Which lines of the entries below run from the one holding "Merlin Whole-Cut Patent-Leather Oxford Shoes" to the one holding "5th Anniversary Gift", inclusive? Set down exactly those lines and no others.

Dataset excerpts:
•••••
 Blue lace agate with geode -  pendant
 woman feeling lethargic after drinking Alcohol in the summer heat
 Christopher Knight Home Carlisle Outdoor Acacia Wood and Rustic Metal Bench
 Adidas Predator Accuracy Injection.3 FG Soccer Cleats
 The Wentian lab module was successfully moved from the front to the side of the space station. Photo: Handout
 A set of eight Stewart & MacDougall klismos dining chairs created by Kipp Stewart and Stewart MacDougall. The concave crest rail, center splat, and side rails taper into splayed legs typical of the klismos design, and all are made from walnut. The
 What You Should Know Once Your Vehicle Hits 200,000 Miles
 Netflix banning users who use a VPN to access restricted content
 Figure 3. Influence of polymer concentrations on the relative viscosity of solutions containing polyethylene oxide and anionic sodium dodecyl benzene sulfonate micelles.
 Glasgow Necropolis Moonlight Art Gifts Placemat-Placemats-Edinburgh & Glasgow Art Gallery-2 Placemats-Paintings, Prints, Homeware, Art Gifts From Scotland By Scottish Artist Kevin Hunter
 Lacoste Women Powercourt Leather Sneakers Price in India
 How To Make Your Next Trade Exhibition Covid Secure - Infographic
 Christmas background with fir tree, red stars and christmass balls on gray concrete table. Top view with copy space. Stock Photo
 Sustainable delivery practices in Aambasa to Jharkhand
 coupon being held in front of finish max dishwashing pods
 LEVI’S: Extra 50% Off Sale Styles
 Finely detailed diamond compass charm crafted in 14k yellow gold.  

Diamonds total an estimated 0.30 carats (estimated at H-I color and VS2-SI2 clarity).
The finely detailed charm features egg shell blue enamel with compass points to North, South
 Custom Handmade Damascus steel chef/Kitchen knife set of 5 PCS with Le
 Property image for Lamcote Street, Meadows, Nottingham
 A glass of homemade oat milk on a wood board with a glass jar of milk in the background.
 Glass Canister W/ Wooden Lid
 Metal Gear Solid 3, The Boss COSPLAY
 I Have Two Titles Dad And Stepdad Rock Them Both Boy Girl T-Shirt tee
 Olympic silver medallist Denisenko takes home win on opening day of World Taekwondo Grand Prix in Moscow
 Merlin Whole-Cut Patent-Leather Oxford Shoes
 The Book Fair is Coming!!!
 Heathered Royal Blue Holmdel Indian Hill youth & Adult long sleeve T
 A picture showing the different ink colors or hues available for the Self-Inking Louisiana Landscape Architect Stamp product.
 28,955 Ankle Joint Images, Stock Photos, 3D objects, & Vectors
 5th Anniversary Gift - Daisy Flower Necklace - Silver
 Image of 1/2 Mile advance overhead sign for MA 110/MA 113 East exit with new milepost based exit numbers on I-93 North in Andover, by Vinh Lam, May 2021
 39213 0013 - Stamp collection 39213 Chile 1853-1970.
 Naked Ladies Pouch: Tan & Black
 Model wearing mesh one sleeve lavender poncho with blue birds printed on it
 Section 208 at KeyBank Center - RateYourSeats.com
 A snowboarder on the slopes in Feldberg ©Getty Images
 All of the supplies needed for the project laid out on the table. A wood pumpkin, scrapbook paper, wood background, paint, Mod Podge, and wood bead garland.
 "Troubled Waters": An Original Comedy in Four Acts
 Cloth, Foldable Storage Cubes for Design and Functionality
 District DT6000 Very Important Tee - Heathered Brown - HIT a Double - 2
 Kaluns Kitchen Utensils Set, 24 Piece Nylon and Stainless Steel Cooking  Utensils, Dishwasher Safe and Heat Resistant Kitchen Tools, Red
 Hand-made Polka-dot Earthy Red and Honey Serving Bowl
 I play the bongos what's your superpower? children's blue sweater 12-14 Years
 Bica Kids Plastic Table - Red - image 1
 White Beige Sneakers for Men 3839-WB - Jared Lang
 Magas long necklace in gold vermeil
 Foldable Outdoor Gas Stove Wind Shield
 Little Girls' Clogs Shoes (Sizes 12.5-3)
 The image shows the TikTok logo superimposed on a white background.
•••••
ANSWER TO THIS TASK:
 Merlin Whole-Cut Patent-Leather Oxford Shoes
 The Book Fair is Coming!!!
 Heathered Royal Blue Holmdel Indian Hill youth & Adult long sleeve T
 A picture showing the different ink colors or hues available for the Self-Inking Louisiana Landscape Architect Stamp product.
 28,955 Ankle Joint Images, Stock Photos, 3D objects, & Vectors
 5th Anniversary Gift - Daisy Flower Necklace - Silver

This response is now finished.